Среди огорода корова стоит и не то дремлет, не то длинно думает, тужась понять, почему люди так изменчивы в обращении с нею? Совсем ещё недавно стоило попасть ей в огород, они, как врага-чужеземца, гнали её вон и лупили чем попало по хребту. А сейчас вот распахнули ворота – ходи сколько хочешь.
Она сперва ходила, бегала даже, задравши хвост, ободрала два вилка капусты, съела зелёную траву под черёмухой, пожевала вехотку в предбаннике, а затем остановилась и не знает, что дальше делать. От тоски ли, от озадаченности ли корова вдруг заухает, заблажит, и со всех огородов, из-за конопляных и крапивных меж ей откликаются такие же разведённые с коллективом, недоумевающие коровы.
Куры тоже днём с амбара в огород слетают, ходят по бороздам, лениво клюют и ворошат давно выполотую траву, а больше сидят, растопорщившись, и с досадою взирают на молодых петушков, которые пыжатся, привстают на цыпочки, пробуют голоса. Но получается у них срамота, а не милая куриному сердцу атамановская песня задиры петуха.
В такую вот предзимнюю пору пробудился я однажды утром от гула, грома, шипения и сначала ничего разобрать и увидеть не мог – по избе клубился пар, в кутье, как черти в преисподней, с раскалёнными каменьями метались люди.
Сначала мне даже и жутко сделалось. Я за трубу спросонья полез. Но тут же вспомнил, что на дворе поздняя осень и настало время бочки и кадушки выбучивать. Капусту рубить скоро будут! Красота!
Скатился с печки в кутью.
– Баб, а баб… – гонялся я за угорелой, потной бабушкой. – Баб, а баб!..
– Отвяжись! Видишь – не до тебя! И каку ты язву по мокрому полу шлёндаешь босиком? Опять издыхать начнёшь? Марш на печку!..

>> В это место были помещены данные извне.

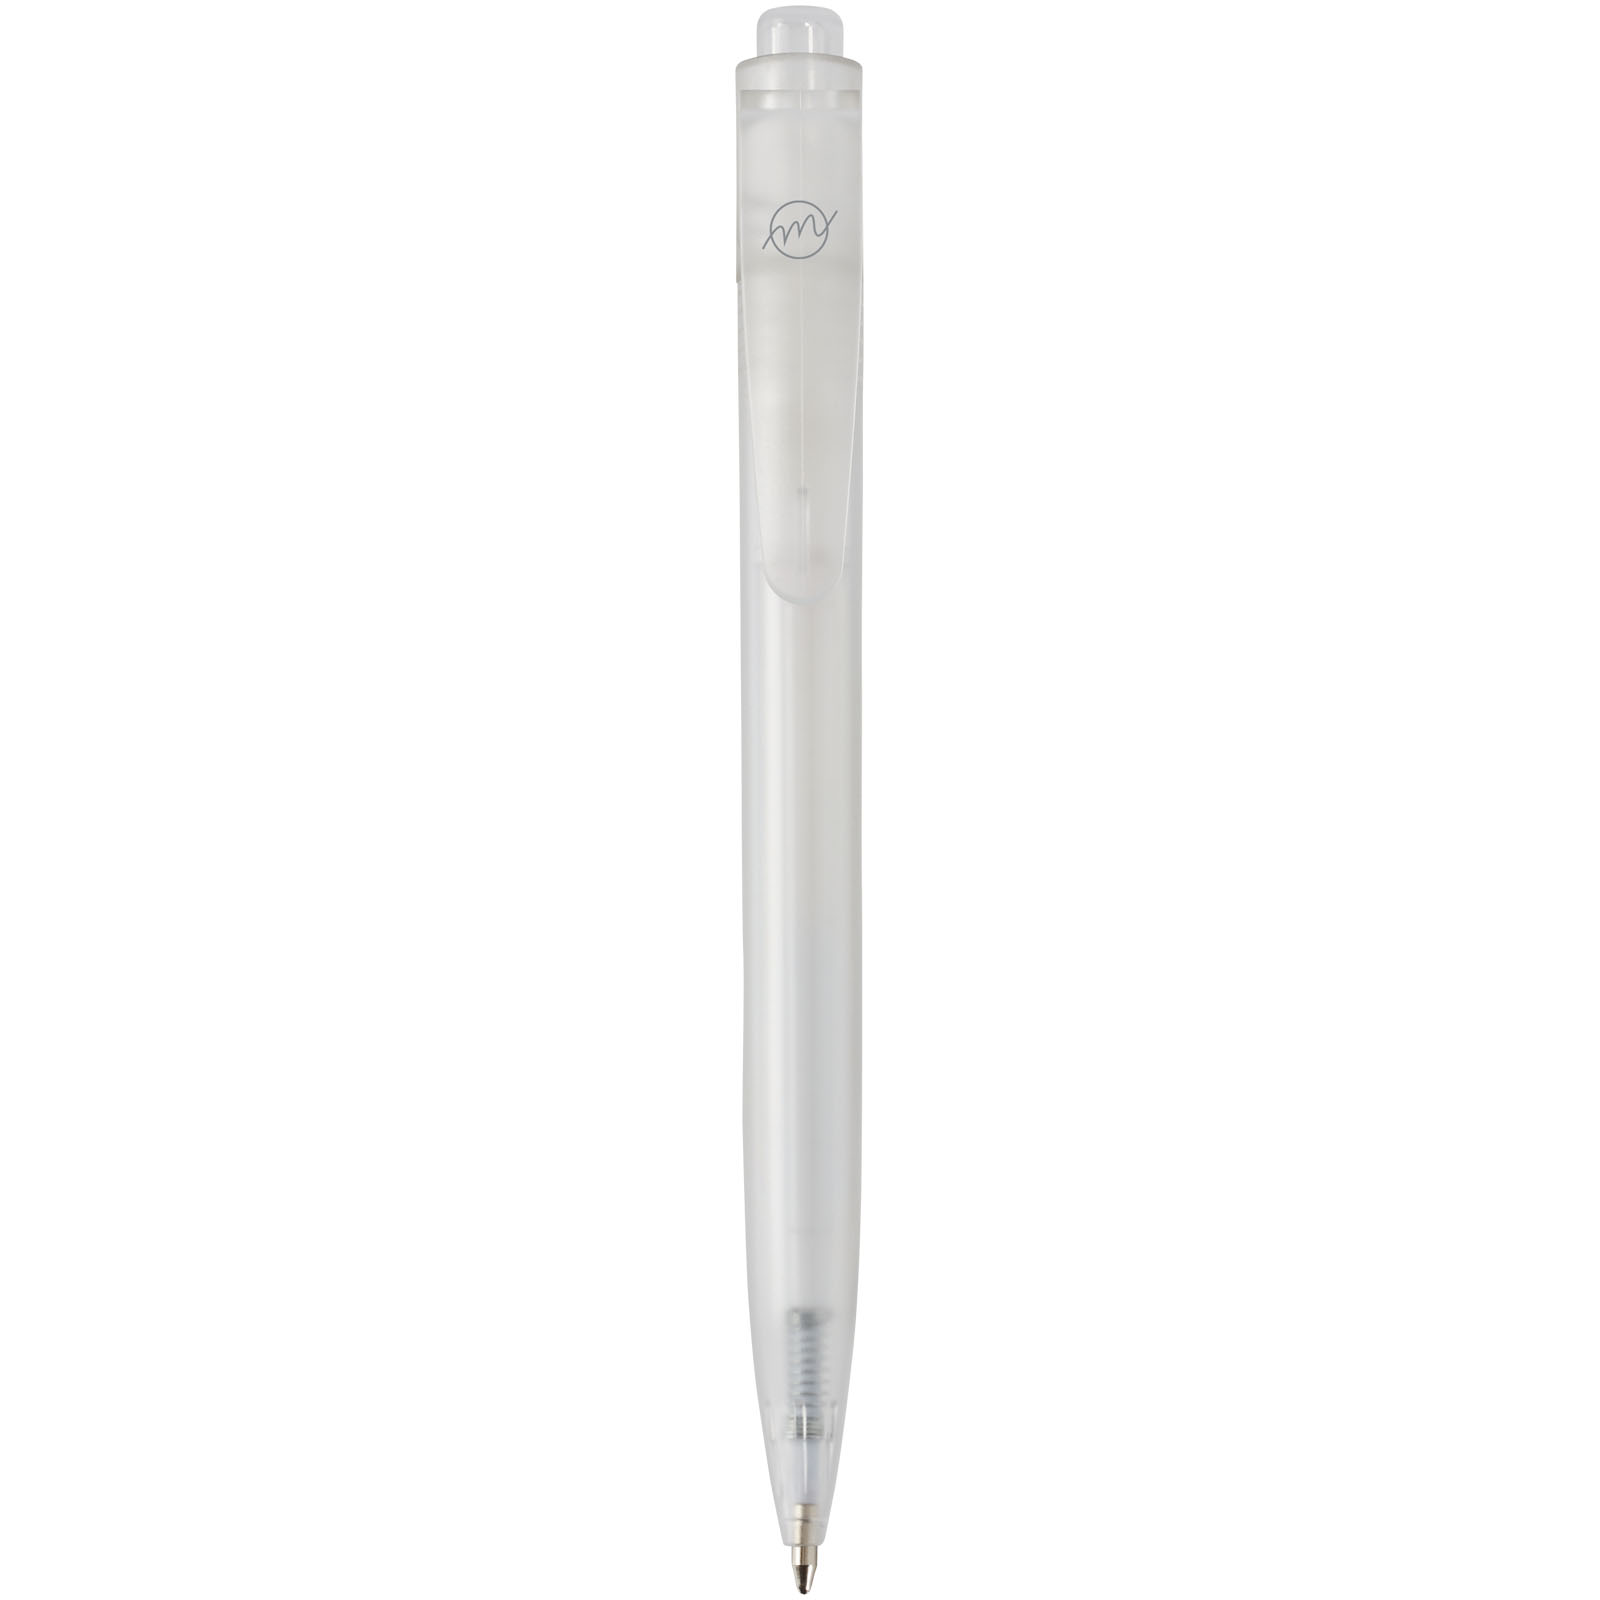 Advertising Ballpoint Pens - Thalaasa ocean-bound plastic ballpoint pen - 0

– Я только спросить хотел, когда убирать вилки. Ладно уж, жалко уж…
Я взобрался на печь. Под потолком душно и парно. Лицо обволакивало сыростью – дышать трудно. Бабушка мимоходом сунула мне на печь ломоть хлеба, кружку молока.
– Ешь и выметайся! – скомандовала она. – Капусту завтра убирать, благословясь, начнём.

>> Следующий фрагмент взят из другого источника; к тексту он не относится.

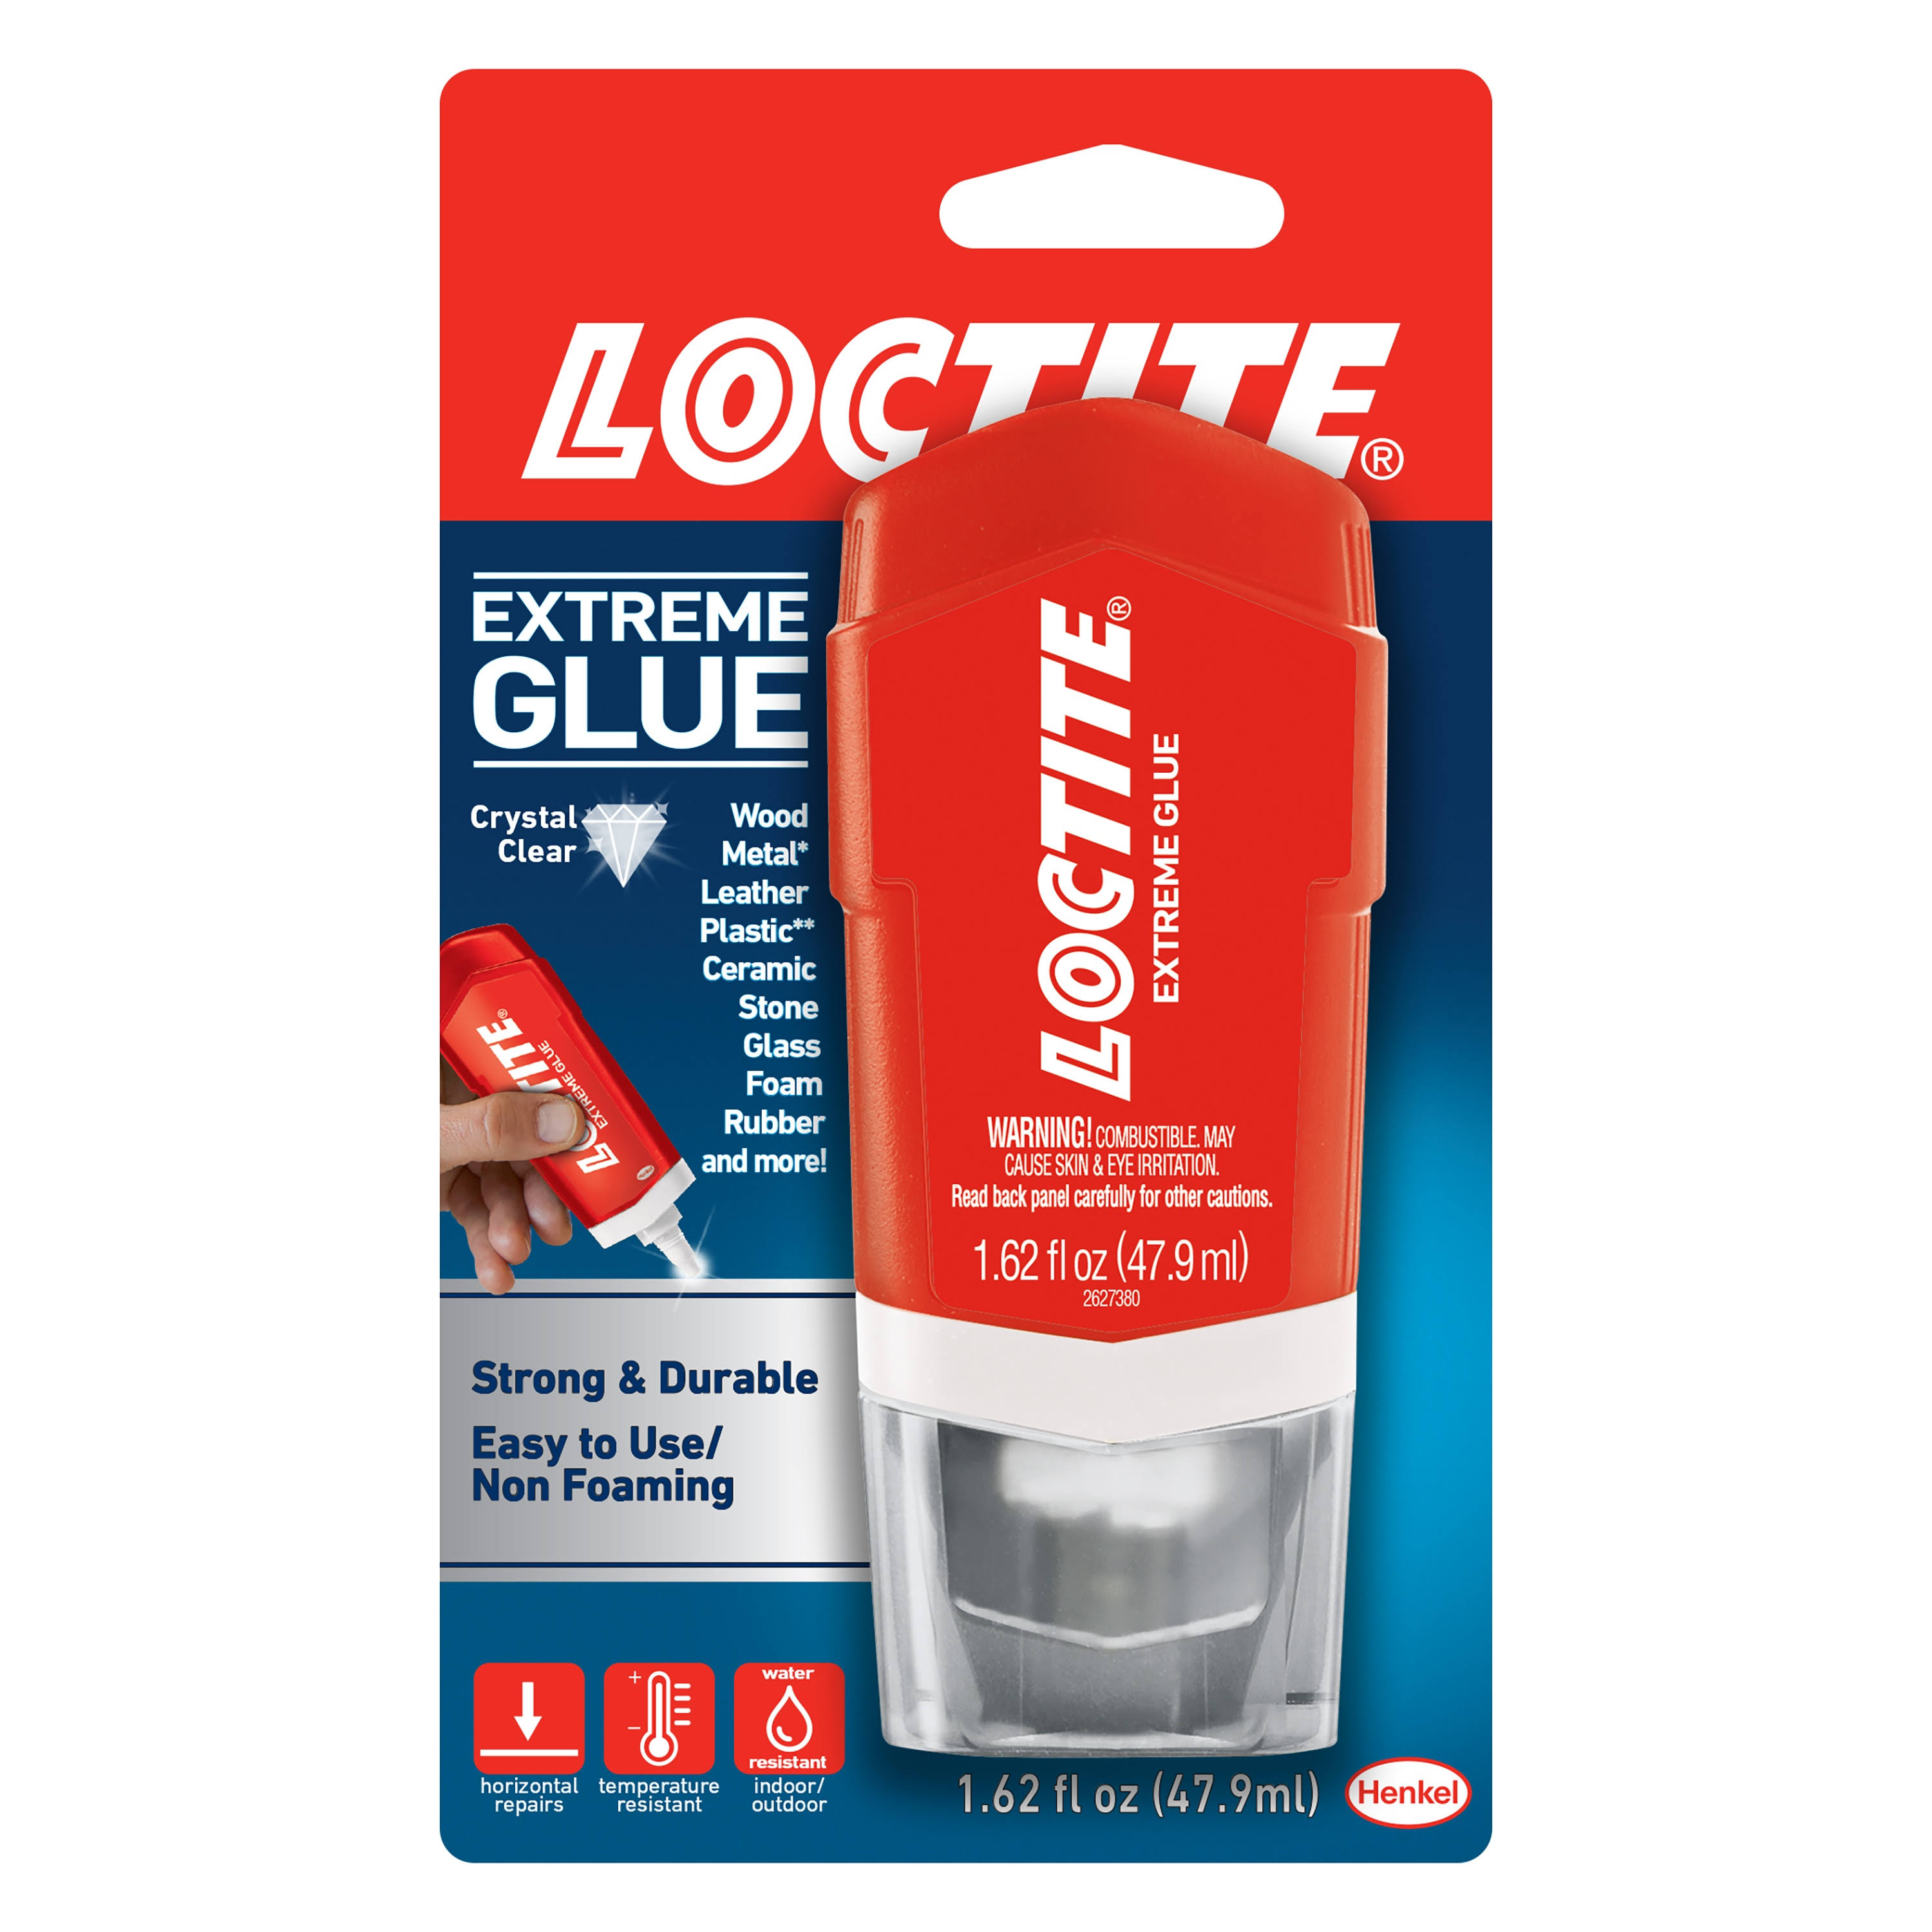 Loctite Glue, Extreme - 1.62 fl oz

В два жевка горбушку я съел, в три глотка молоко выпил, сапожишки на ноги, шапчонку на голову, пальтишко в беремя – и долой из дому. По кутье пробирался ощупью. Везде тут кадки, бочонки, ушаты, накрытые половиками. В них отдалённо, рокотно гремит и бурлит. Горячие камни брошены в воду, запертые стихии бушуют в бочках. Тянет из них смородинником, вереском, травою мятой и банным жаром.
– Кто там дверь расхабарил? – крикнула бабушка от печки.

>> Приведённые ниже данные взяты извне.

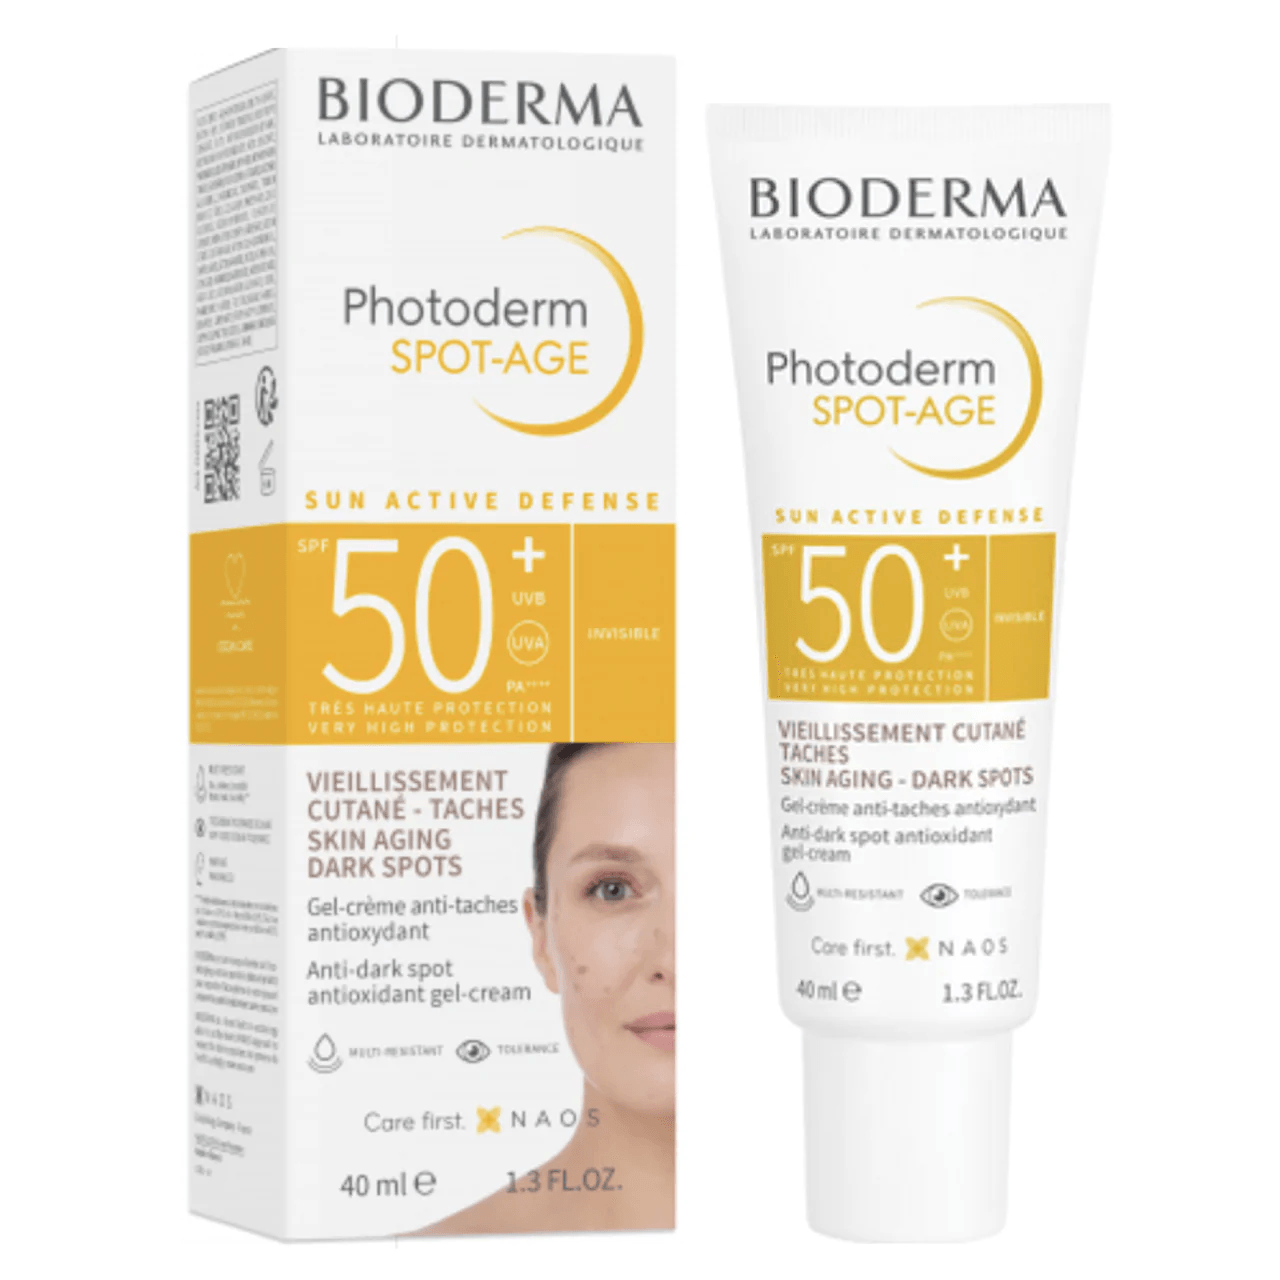 Bioderma - Photoderm spot-age SPF 50 + - ORAS OFFICIAL

В устье печки пошевеливалось, ворочалось пламя, бросая на лицо бабушки отблески, и она похожа на растрёпанного чёрта.
На улице я аж захлебнулся воздухом. Стою на крыльце, отпыхиваюсь, рубаху трясу, чтоб холодком потную спину обдало. Под навесом дедушка в старых бахилах стоит у точила и одной рукой крутит колесо, другой острит топор.
Неловко так – крутить и точить. Это ж первейшая мальчишеская обязанность – крутить точило.
Я спешу под навес, а дед без разговоров передаёт мне железную кривую ручку. Сначала кручу я бойко, аж брызжет из-под камня точила рыжая вода. А потом пыл мой ослабевает, всё чаще меняю я руку и с неудовольствием замечаю – точить сегодня много есть чего: штук пять железных сечек, да ещё ножи для резки капусты, и, конечно, дед не упустит случая и непременно подправит все топоры. Я уж каюсь, что высунулся крутить точило, и надеюсь тайно на аварию с точилом или другое какое избавление от этой изнурительной работы.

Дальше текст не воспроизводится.